Please transcribe every entry below exactly, without including the pictures.

Supplied records |
*** Begin section ***
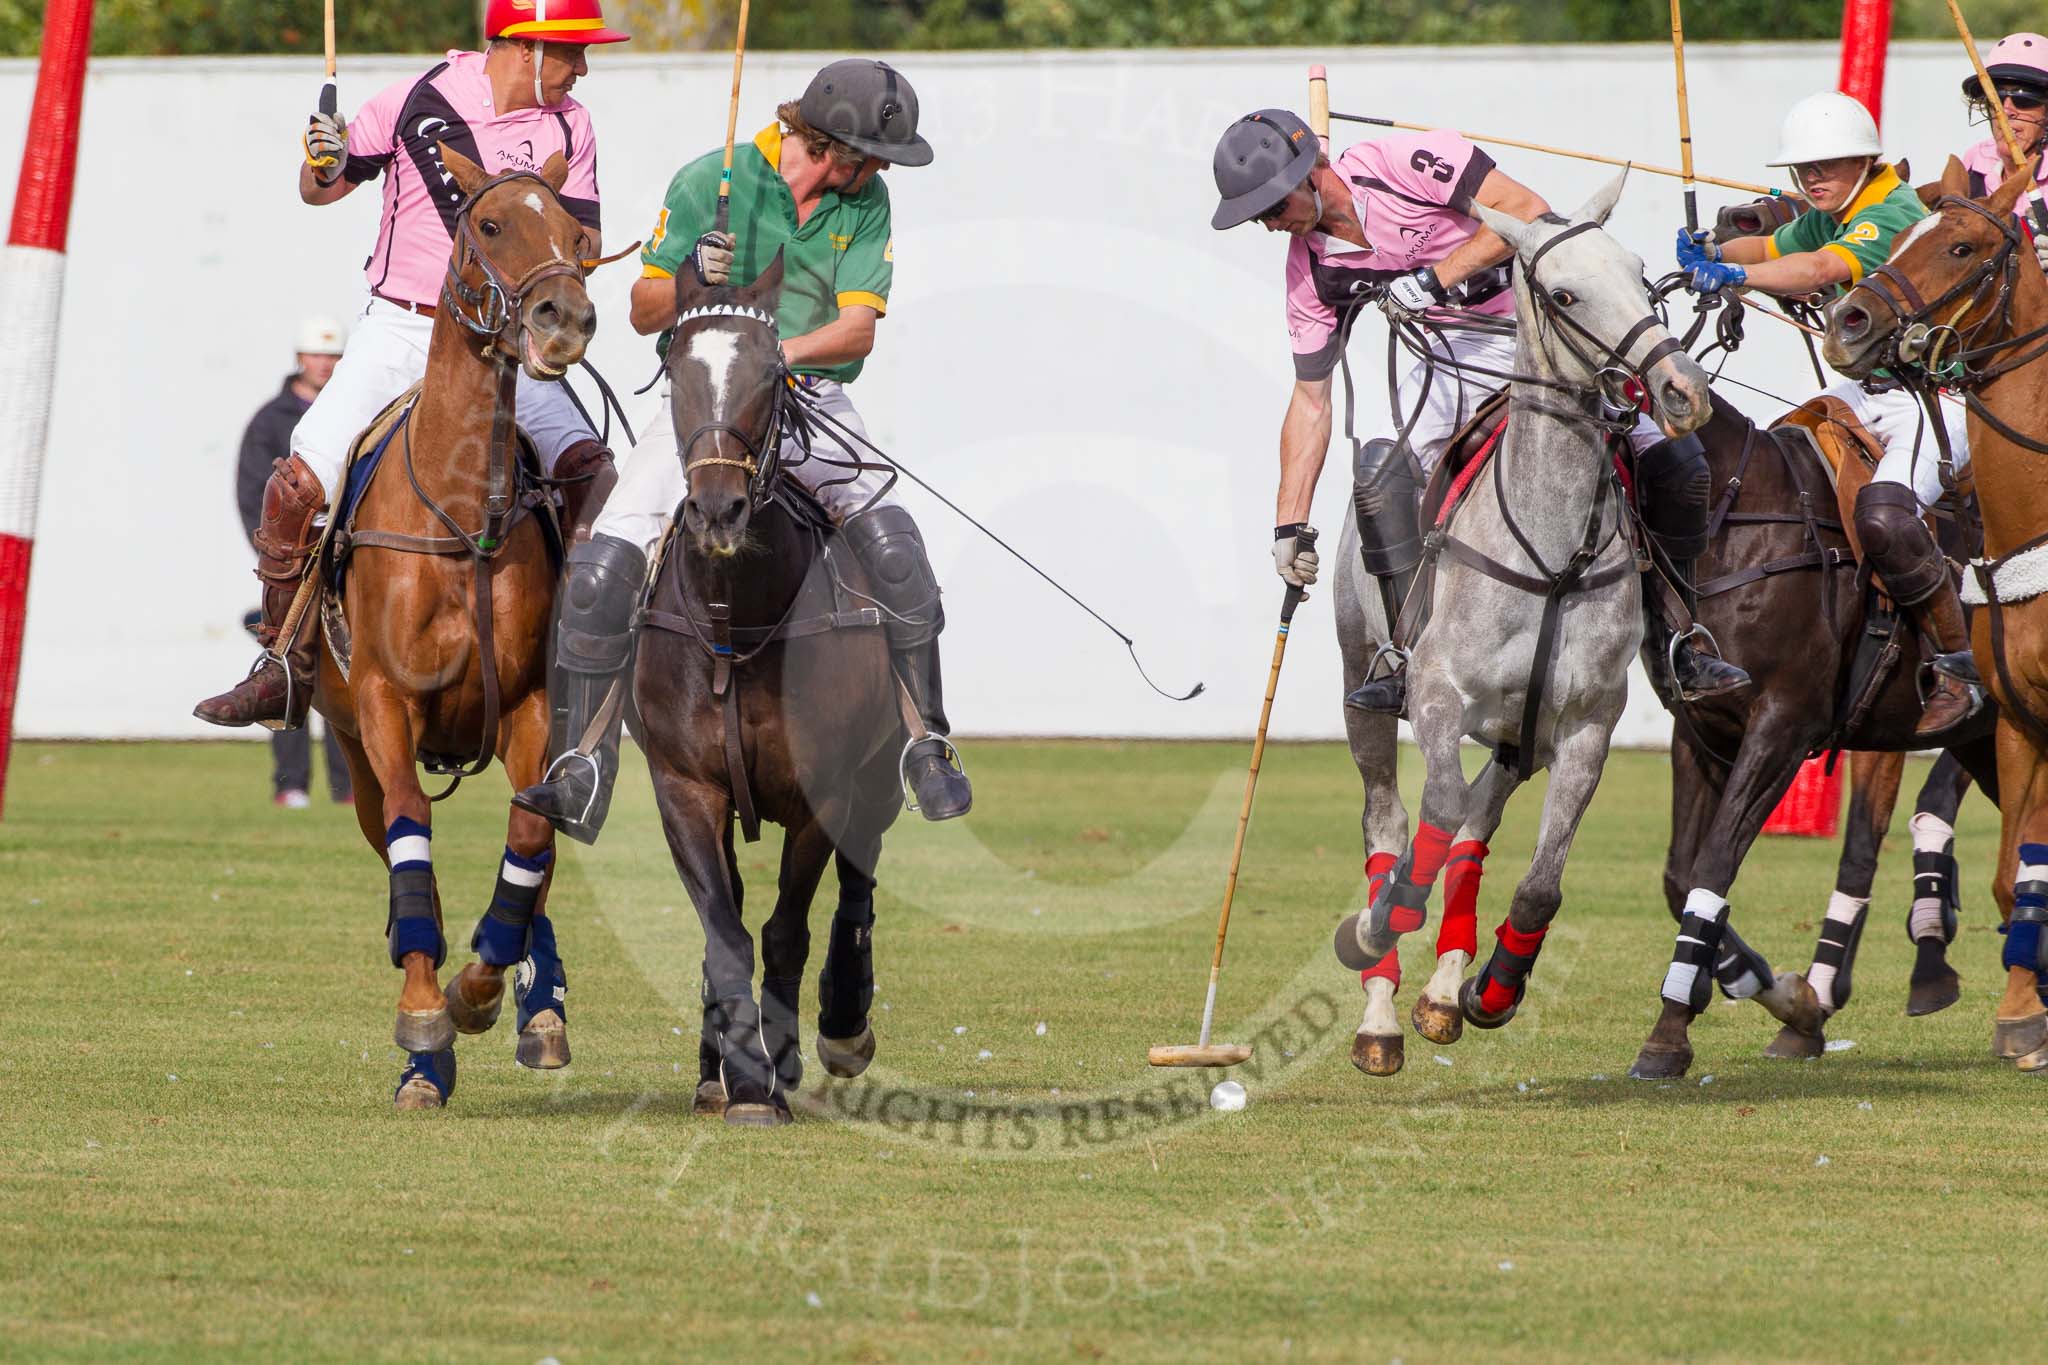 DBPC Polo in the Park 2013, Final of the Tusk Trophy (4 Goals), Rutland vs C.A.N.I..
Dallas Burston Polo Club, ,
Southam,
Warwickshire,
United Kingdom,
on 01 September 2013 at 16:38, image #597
*** End section ***
Written solution |
 DBPC Polo in the Park 2013, Final of the Tusk Trophy (4 Goals), Rutland vs C.A.N.I..
Dallas Burston Polo Club, ,
Southam,
Warwickshire,
United Kingdom,
on 01 September 2013 at 16:38, image #597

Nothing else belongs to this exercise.